The Sky's the Limit VHS cover
Directed by Edward H. Griffith
Produced by David Hempstead
Starring Fred Astaire
Joan Leslie
Robert Benchley
Robert Ryan
Distributed by RKO Radio Pictures Inc.
Release date(s) July 13, 1943 (U.S. release)
Running time 89 min
Language English
IMDb profile
The Sky's the Limit is also the title of an episode of Only Fools and Horses

The Sky's The Limit (RKO) is a 1943 Hollywood musical comedy film with a wartime theme starring Fred Astaire, Joan Leslie, Robert Benchley, Robert Ryan and Eric Blore, with music by Harold Arlen and lyrics by Johnny Mercer. The film was directed by Edward H. Griffith.

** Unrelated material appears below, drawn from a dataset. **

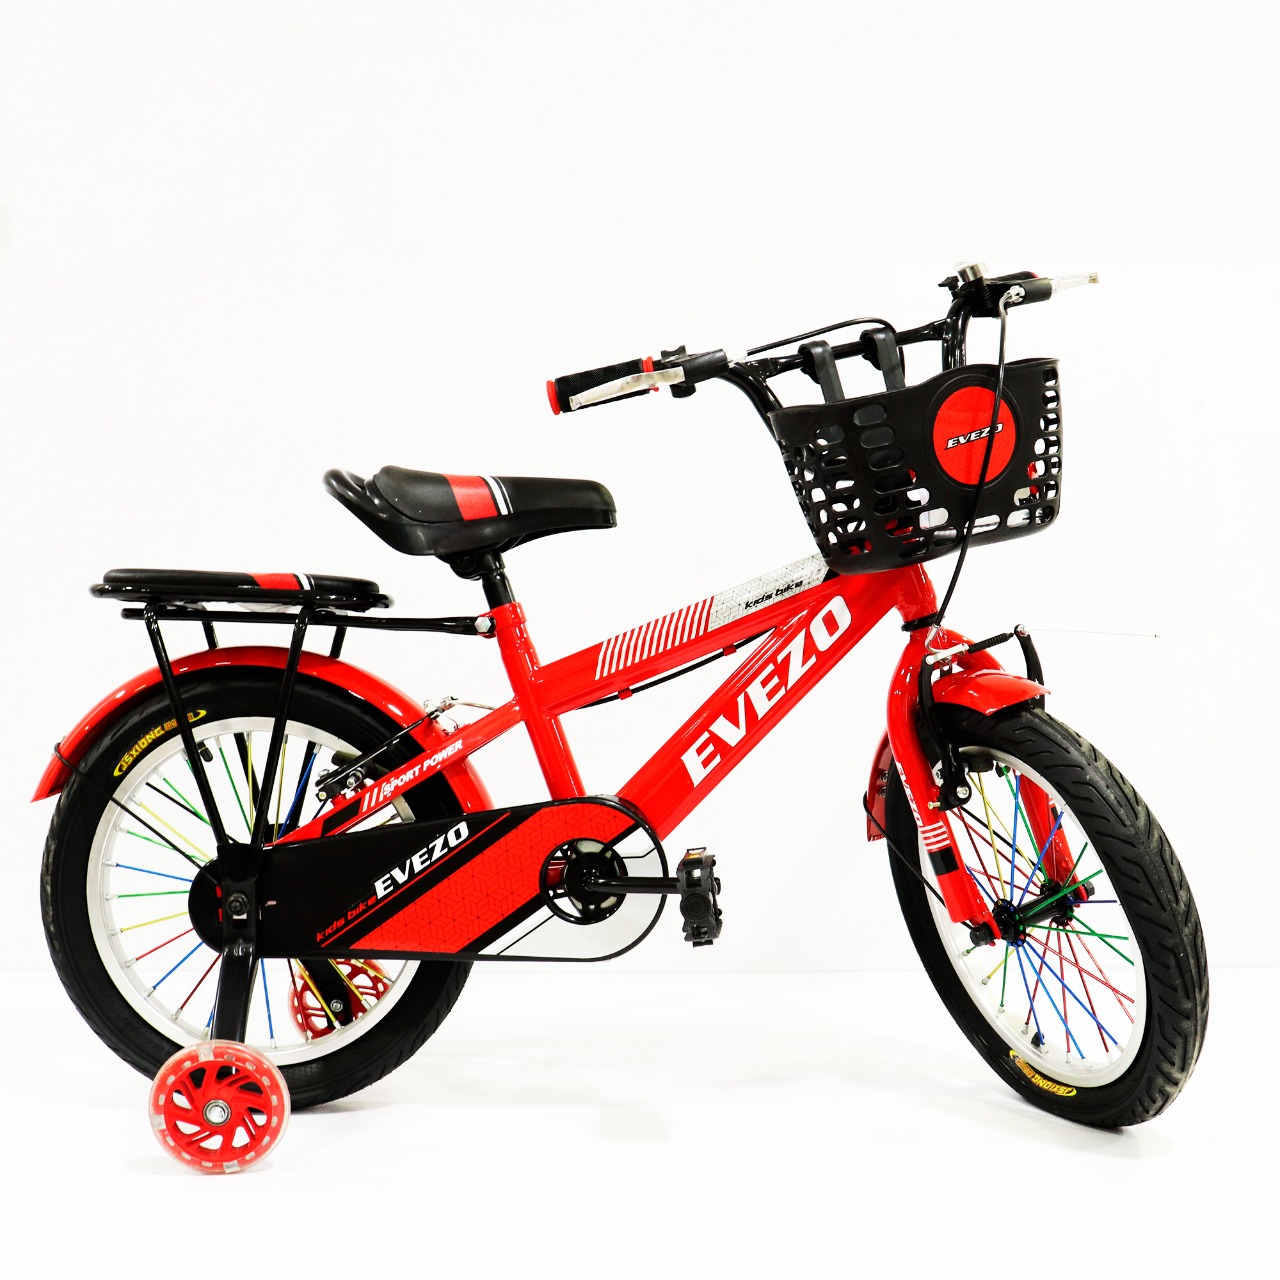 BICICLETAS - Tienda de bicicletas para niñas y niños

This drama, a dark comedy, was an unusual departure for Astaire, and one which caused some consternation among film critics and fans at the time, though not enough to prevent the film doing well. Aside from the dancing - which contains a famous solo performance in the standard "One For My Baby", described by Astaire as "the best song specially written for me" - the script provided him with his first opportunity to act in a serious dramatic role, and one with which his acting abilities, sometimes disparaged, appear to cope. Astaire, who plays a Flying Tiger on leave, portrays a complex and troubled character. The comedy is provided by Benchley (his second appearance in an Astaire picture) and Blore - a stalwart from the early Astaire-Rogers pictures.

[edit] Key songs/dance routines:

All dances were choreographed by and credited to Astaire alone, another unusual departure for him, as he generally worked with collaborators. What is not unusual is the selection of dance routines, which is the standard Astaire formula of a comic partnered routine, a romantic partnered routine and a "sock" solo, each of which is seamlessly integrated into the plot.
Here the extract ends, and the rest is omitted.